Exercise description — All the data below goes into the copy word for word, but the pictures don't.

Given material —
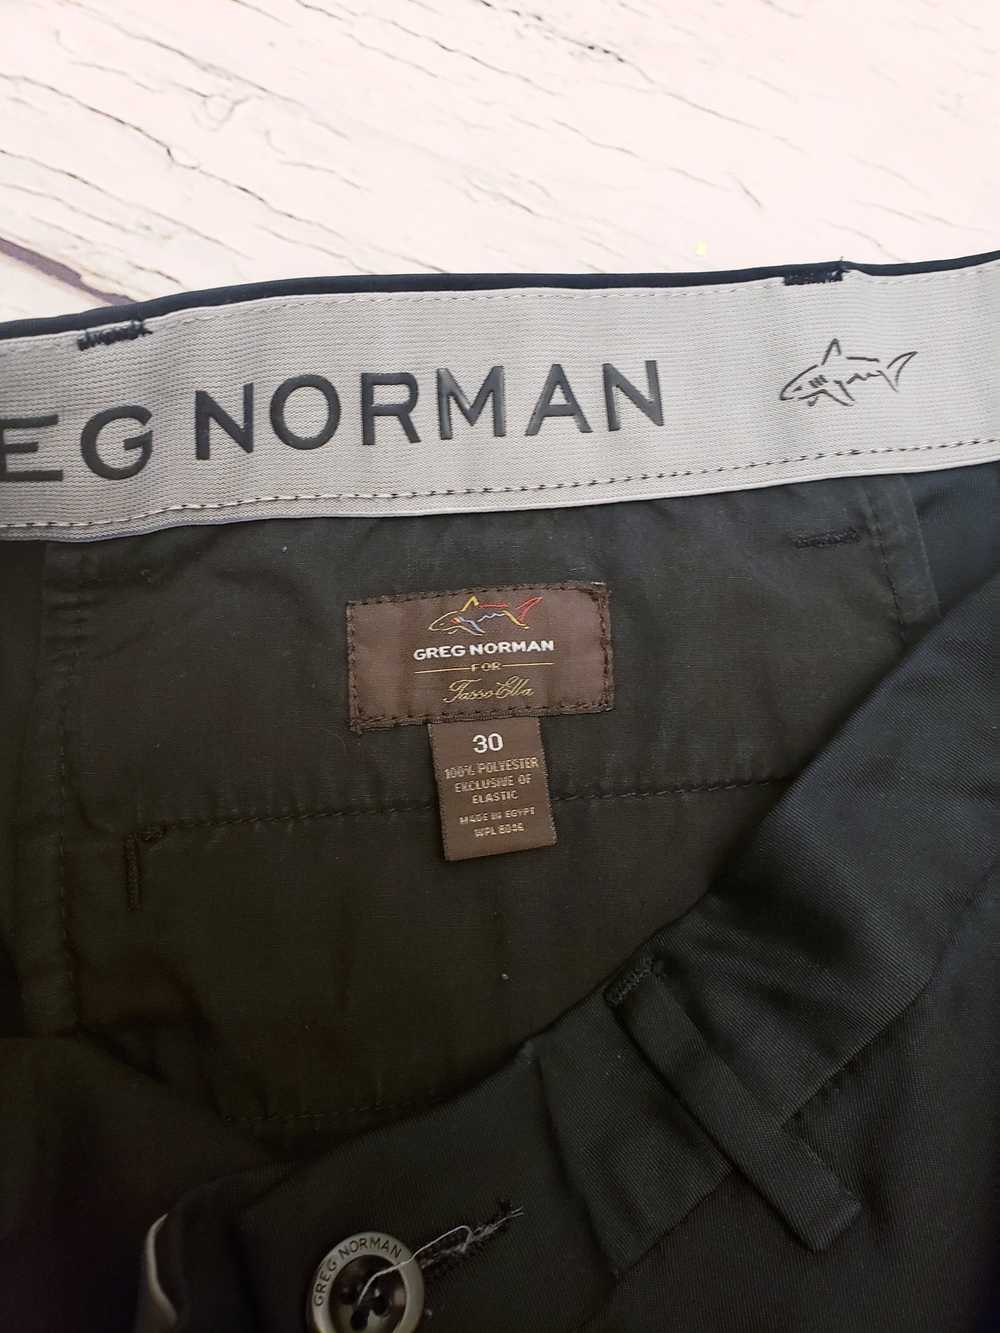 Greg Norman Greg Norman Shorts Size 30 - image 3
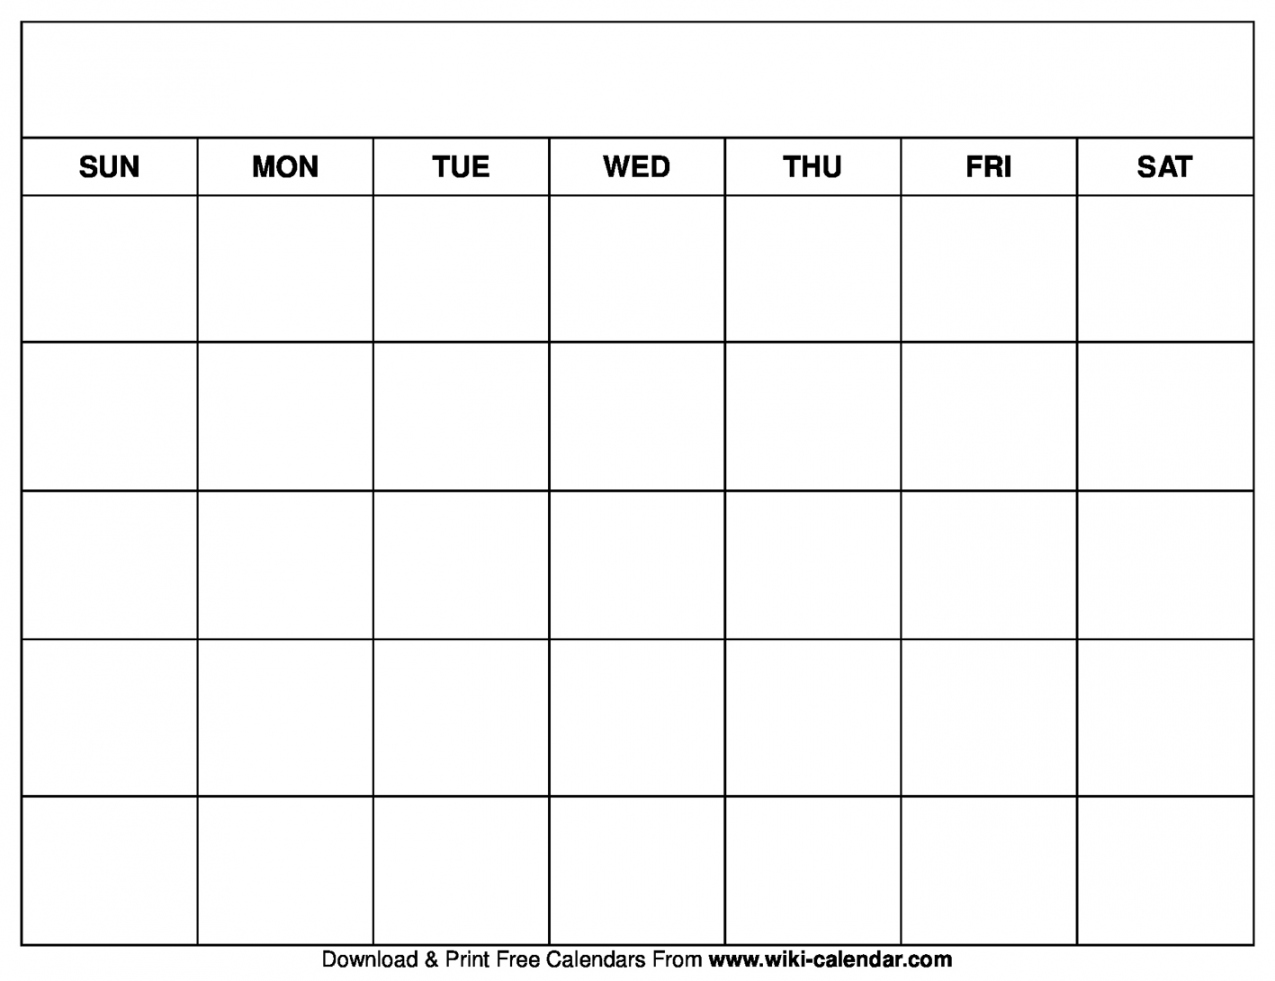 Monthly Calendar Free Printable - Printable - Printable Blank Calendar Templates - Wiki Calendar
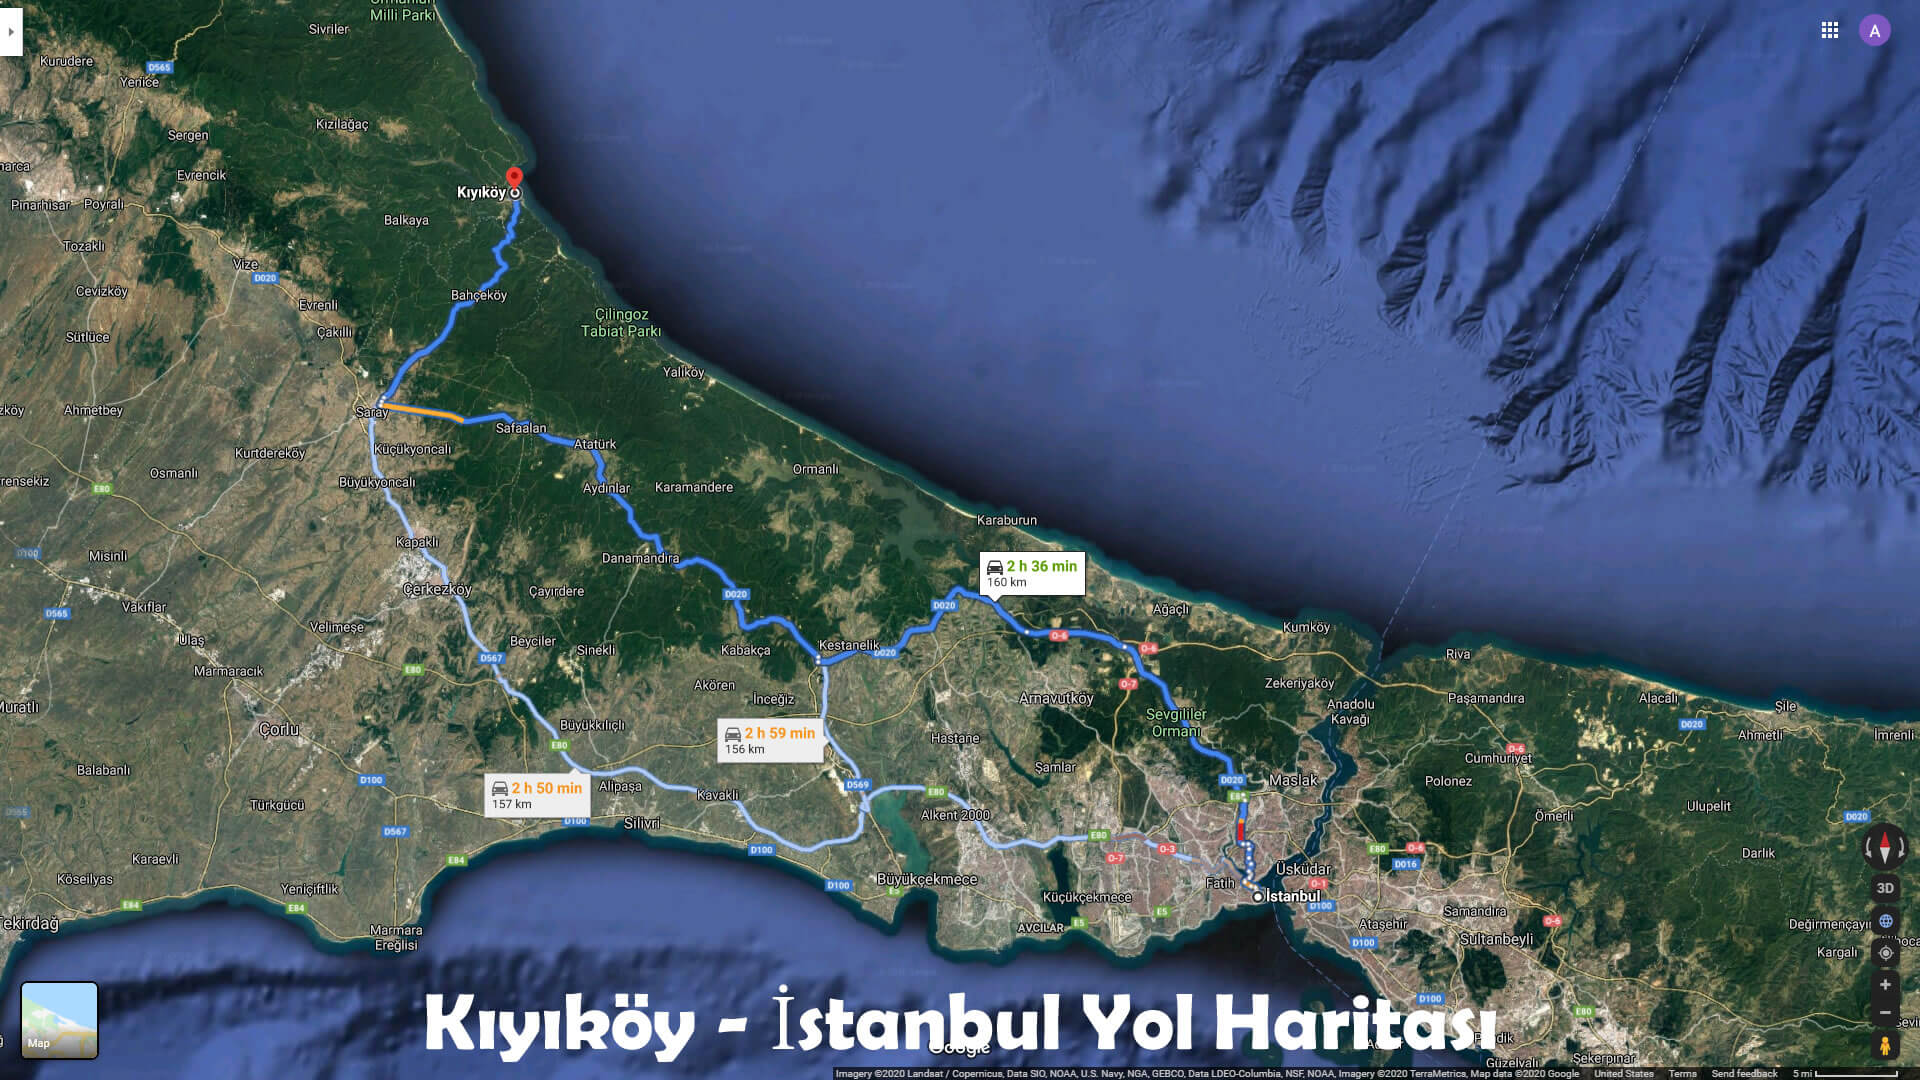 Kiyikoy - Istanbul Road Map

Expected answer —
 Greg Norman Greg Norman Shorts Size 30 - image 3
 Monthly Calendar Free Printable - Printable - Printable Blank Calendar Templates - Wiki Calendar
 Kiyikoy - Istanbul Road Map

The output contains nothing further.